Co-director Yuval Abraham, an Israeli, becomes friends with Basel, and it is this friendship which offers a note of hope. If an Israeli and Palestinian can become close (and this happens with regularity among peace activists and others), we see possibility for peace in Palestine. Still, any progress in reversing the encroaching demolition is slow-going.
“You’re enthusiastic,” Basel says to Yuval. “You think you can change things here in ten days. This has been going on for decades. You need to get used to failing.”
In other words, to resist takes time. One drop is not going to change anything, Basel emphasizes, but over time things can change.
And indeed, some protests have an impact. After concerted demonstrations, there are fewer demolitions. We also see archival footage of a visit by former UK PM Tony Blair, and its impact: demolitions stop in that village.
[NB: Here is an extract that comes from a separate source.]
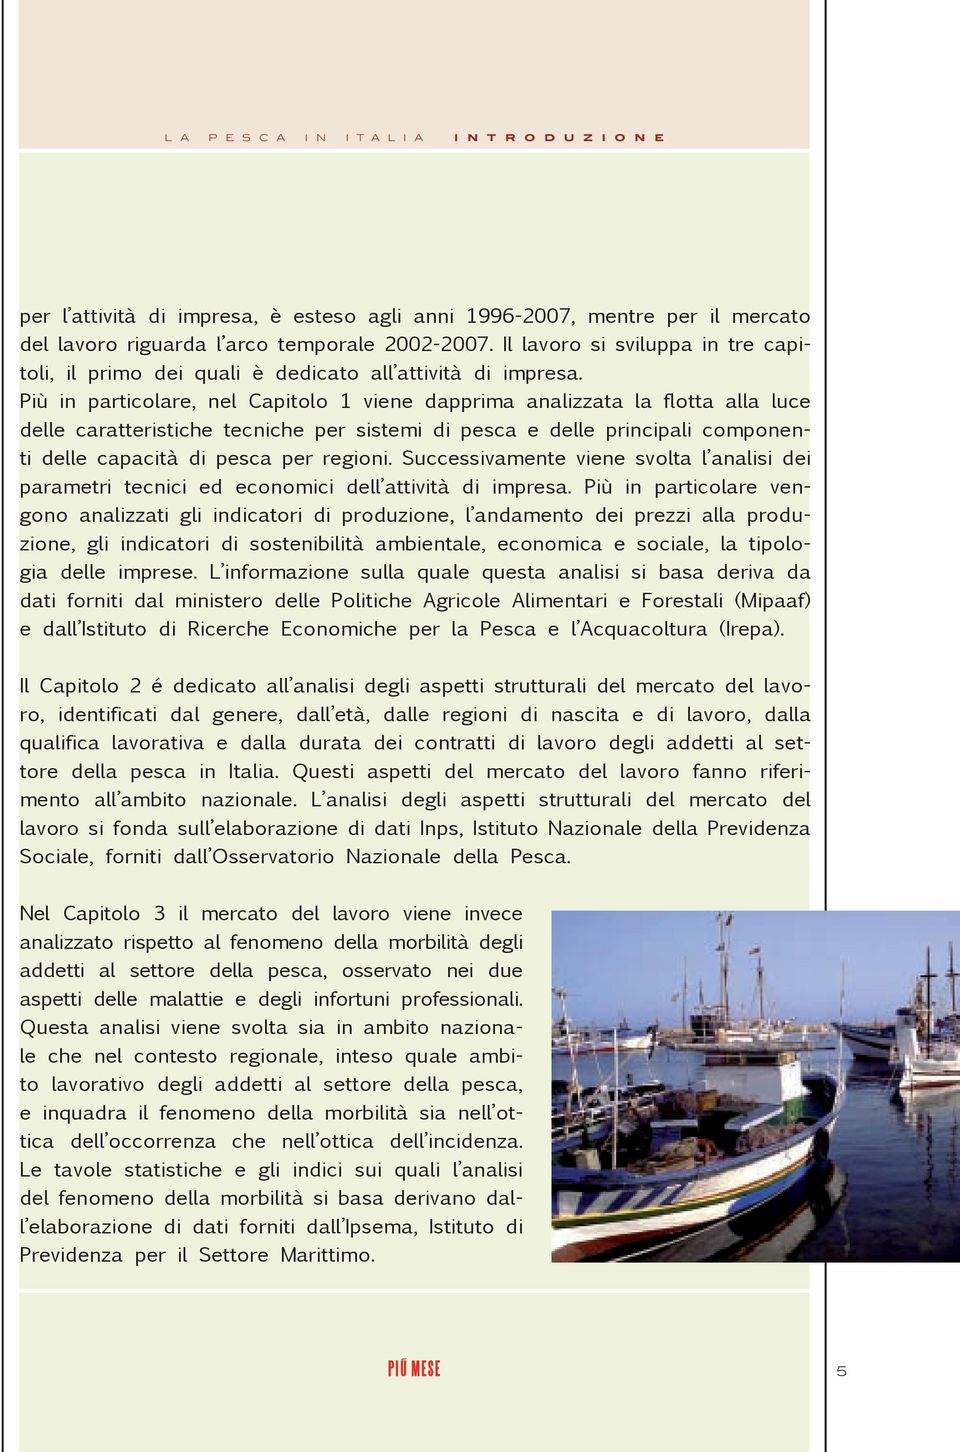 Più in particolare, nel Capitolo 1 viene dapprima analizzata la flotta alla luce delle caratteristiche tecniche per sistemi di pesca e delle principali componenti delle capacità di pesca per regioni.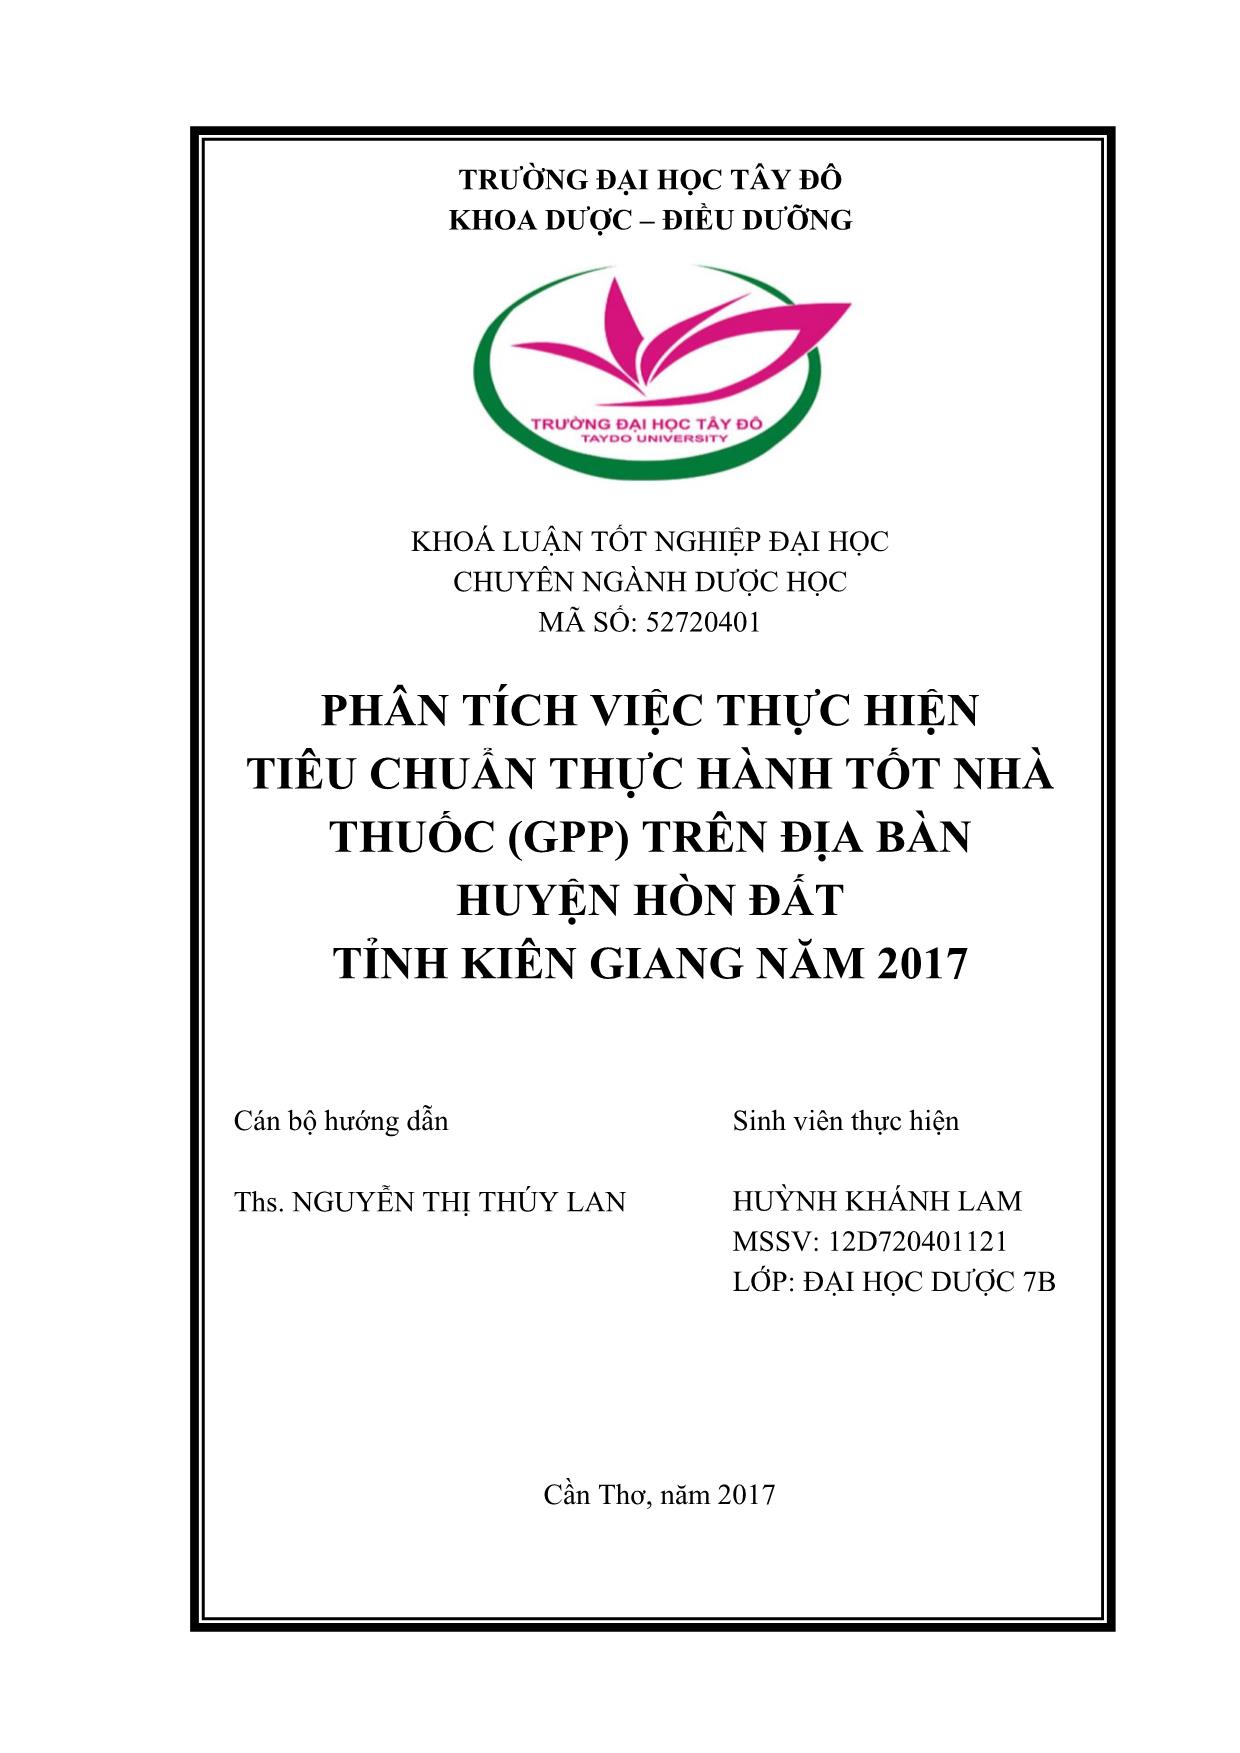 Phân tích việc thực hiện tiêu chuẩn thực hành tốt nhà thuốc (gpp) trên địa bàn huyện Hòn Đất tỉnh Kiên giang năm 2017 trang 1

But the overall trajectory does not look favorable. Complicity between the military, courts, and Netanyahu government allows more and more Palestinian villagers to be pushed from their homes, and more Israeli settlers to build on these lands.
Other freedoms are increasingly restricted. For example, all Palestinian cars in this area have been confiscated by Israeli authorities. Passage is only allowed for Israeli cars.
Meanwhile, Yuval films another demolition. A Jewish settler films him in turn and threatens, “You’re on Facebook now. People will see you and come pay you a visit.”
Hatred is written on this man’s face. The settlers come across as thugs, especially when they attack while the army stands by, watching. We watch as one settler fires a gun into the stomach of an unarmed villager and then retreats.
In another harrowing scene, children are studying in the local elementary school. As the bulldozers approach, they scream, cry and run, while the school is demolished.
We know this region is home to complicated historical factors and competing claims. Both military sides and leadership in the conflict have committed atrocities and abused trust. But the power imbalance between Israel and Palestinians is clear, and lends credence to the claim of this being an apartheid state. No real progress will take place here without a change of attitudes, a change of heart. Dogmatic religious beliefs, as well as political and economic interests on both sides fuel hatred, anger, and violence. The ongoing intransigence and the dehumanization results in excessive human suffering. No Other Land calls upon us to recognize the humanity in all of us, that everyone ultimately wants to live in peace, to raise our families, to find happiness. This understanding is the only way out.
Every week another family must decide: Endure this oppression, or leave. If they leave, they lose their land. But most villagers stay.
“They destroy us slowly,” one says. “But Masafer Yatta exists for one reason: people who hold onto life.”